Embeddings created for 3 movies.


In [17]:
# Defining the Search Function

def search_movies(query, top_n=5):
    """
    Search for the most relevant movies given a natural language query.
    """
    query_embedding = model.encode([query], convert_to_tensor=False)
    similarities = cosine_similarity(query_embedding, embeddings)[0]

    results = df.copy()
    results['similarity'] = similarities
    results = results.sort_values(by='similarity', ascending=False).head(top_n)
    return results.head(top_n).reset_index(drop=True)

In [18]:
# Example query
search_movies("spy thriller in Paris", top_n=3)

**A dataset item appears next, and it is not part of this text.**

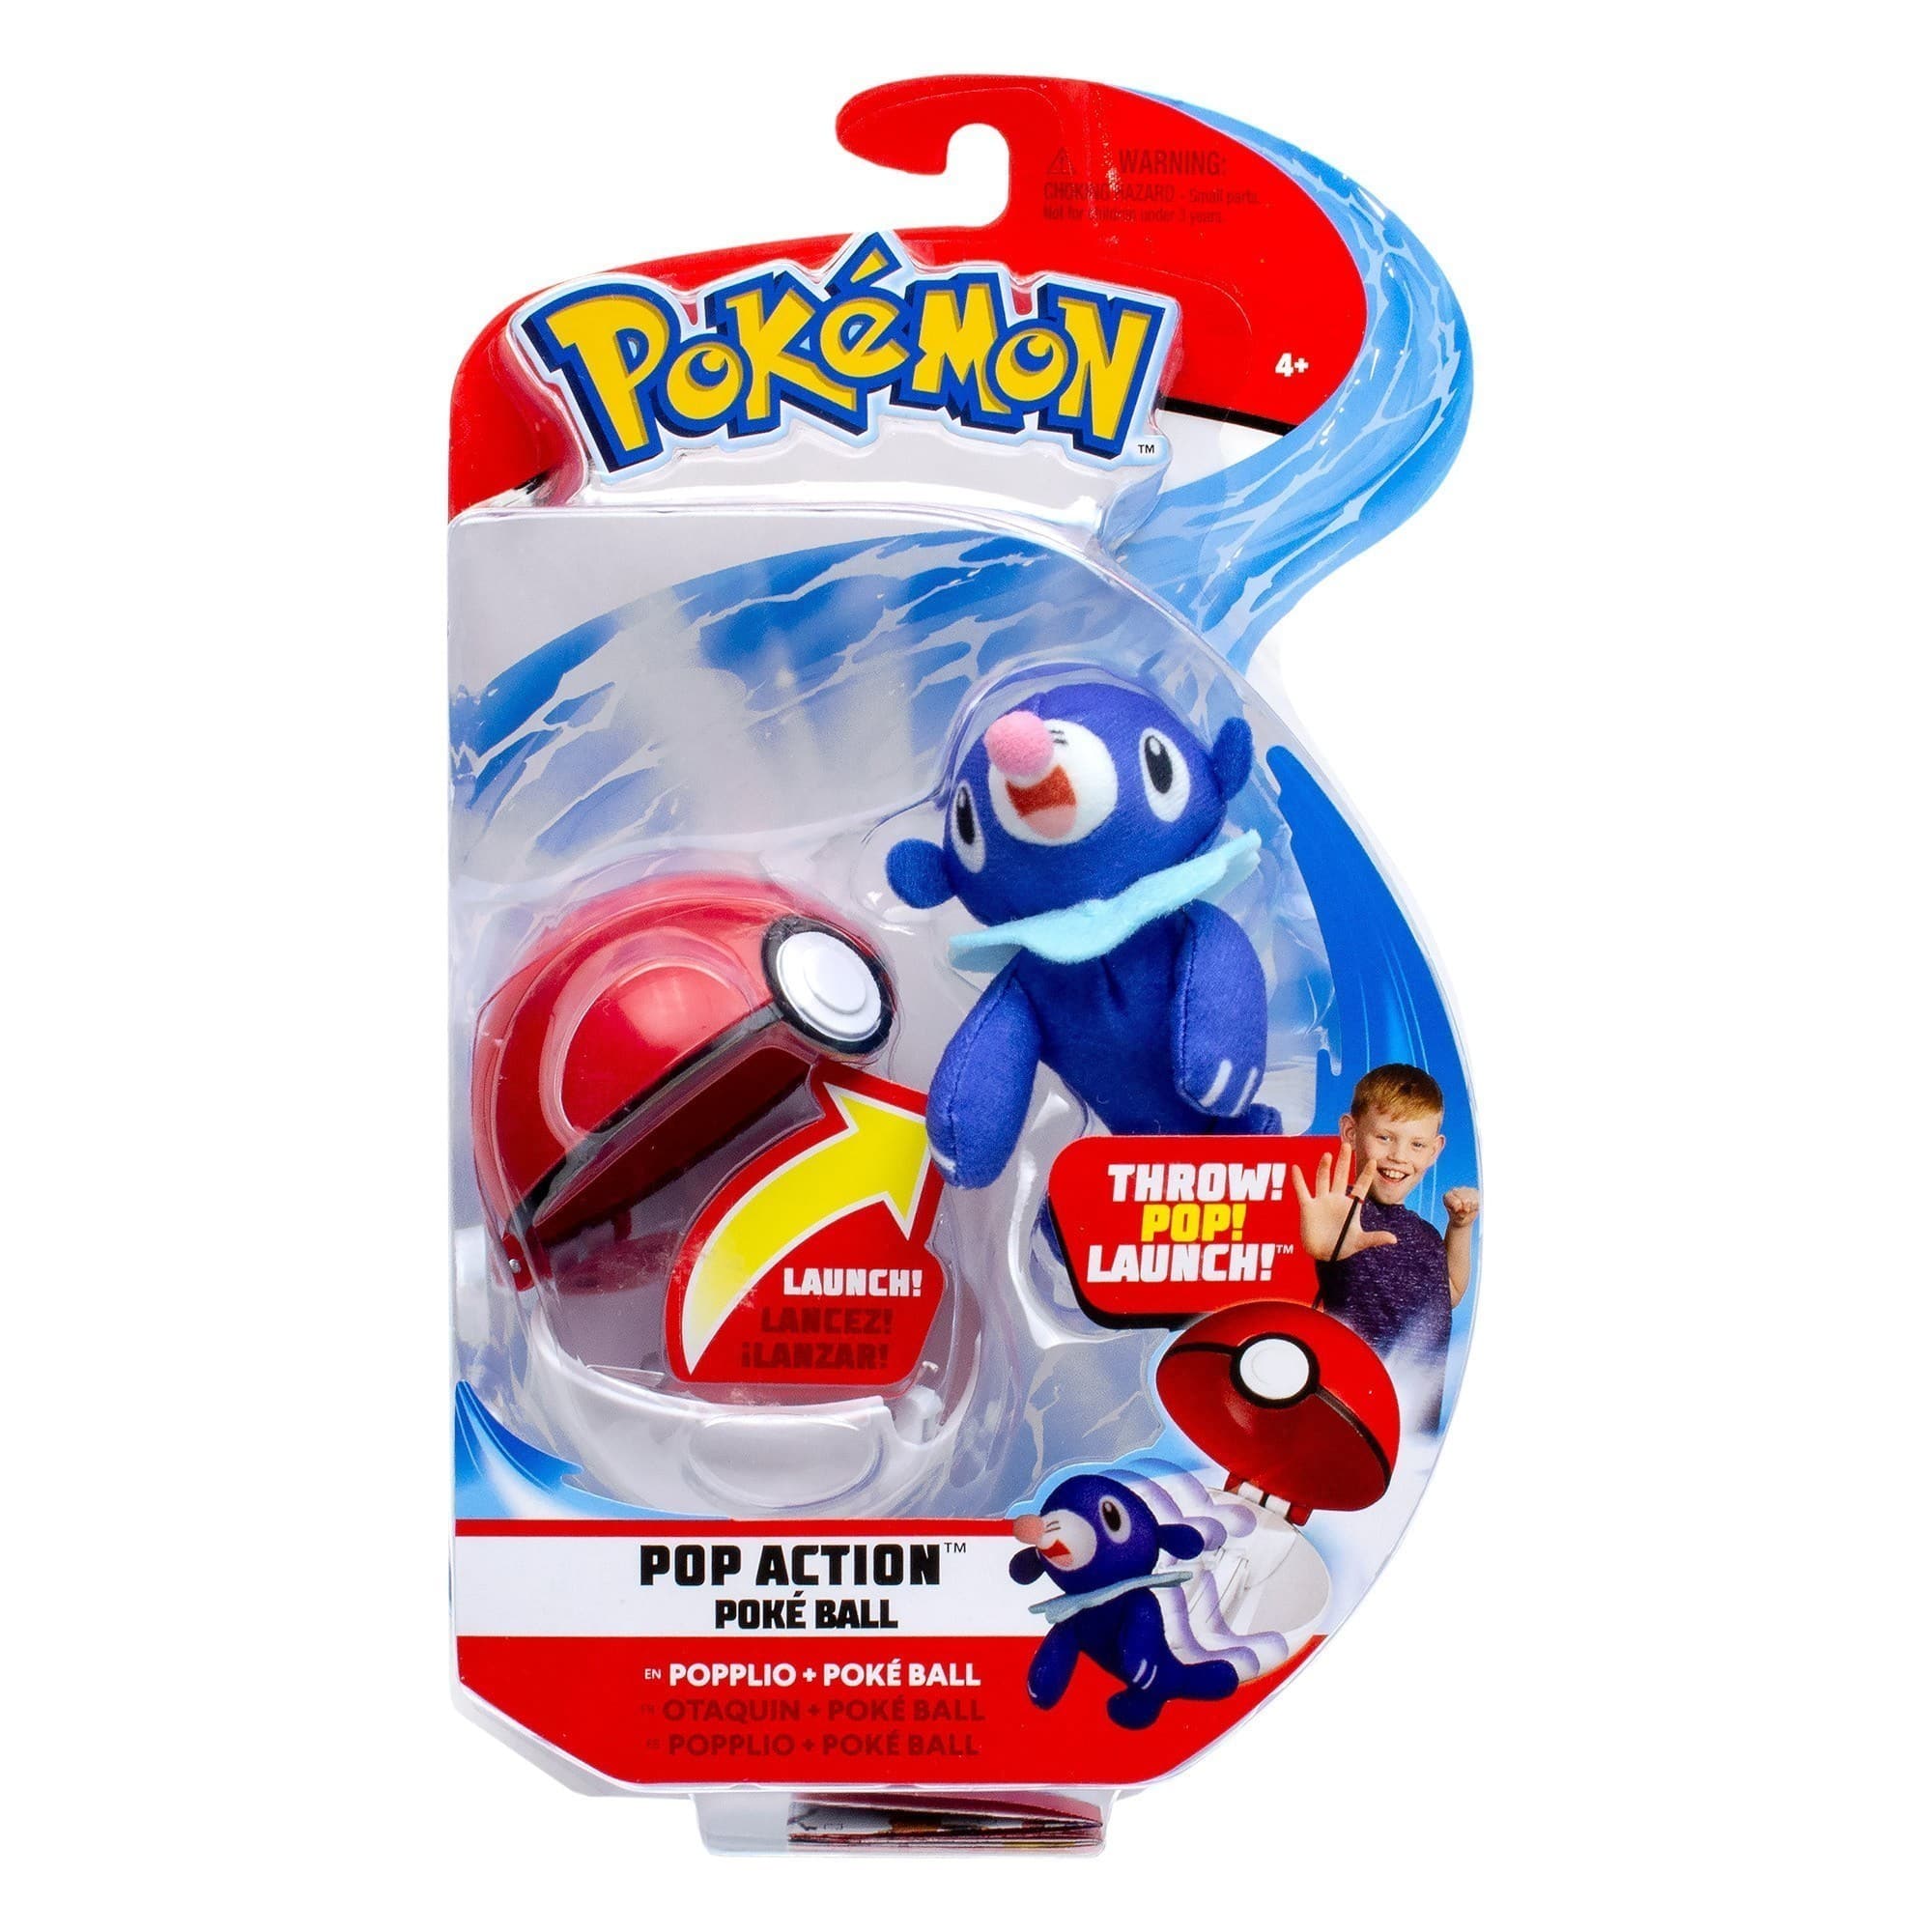 Pokémon - Pop Action Poké Ball - Popplio Poke Ball

Unnamed: 0,title,plot,similarity
0,Spy Movie,A spy navigates intrigue in Paris to stop a te...,0.769684
1,Romance in Paris,A couple falls in love in Paris under romantic...,0.38803
2,Action Flick,A high-octane chase through New York with expl...,0.256777


In [19]:
# Running unit tests
!python -m unittest tests.test_movie_search -v

test_search_movies_output_format (tests.test_movie_search.TestMovieSearch.test_search_movies_output_format)
Test if search_movies returns a DataFrame with correct columns. ... ok
test_search_movies_relevance (tests.test_movie_search.TestMovieSearch.test_search_movies_relevance)
Test if returned movies are relevant to the query. ... ok
test_search_movies_similarity_range (tests.test_movie_search.TestMovieSearch.test_search_movies_similarity_range)
Test if similarity scores are between 0 and 1. ... ok
test_search_movies_top_n (tests.test_movie_search.TestMovieSearch.test_search_movies_top_n)
Test if search_movies returns the correct number of results. ... ok

----------------------------------------------------------------------
Ran 4 tests in 4.300s

OK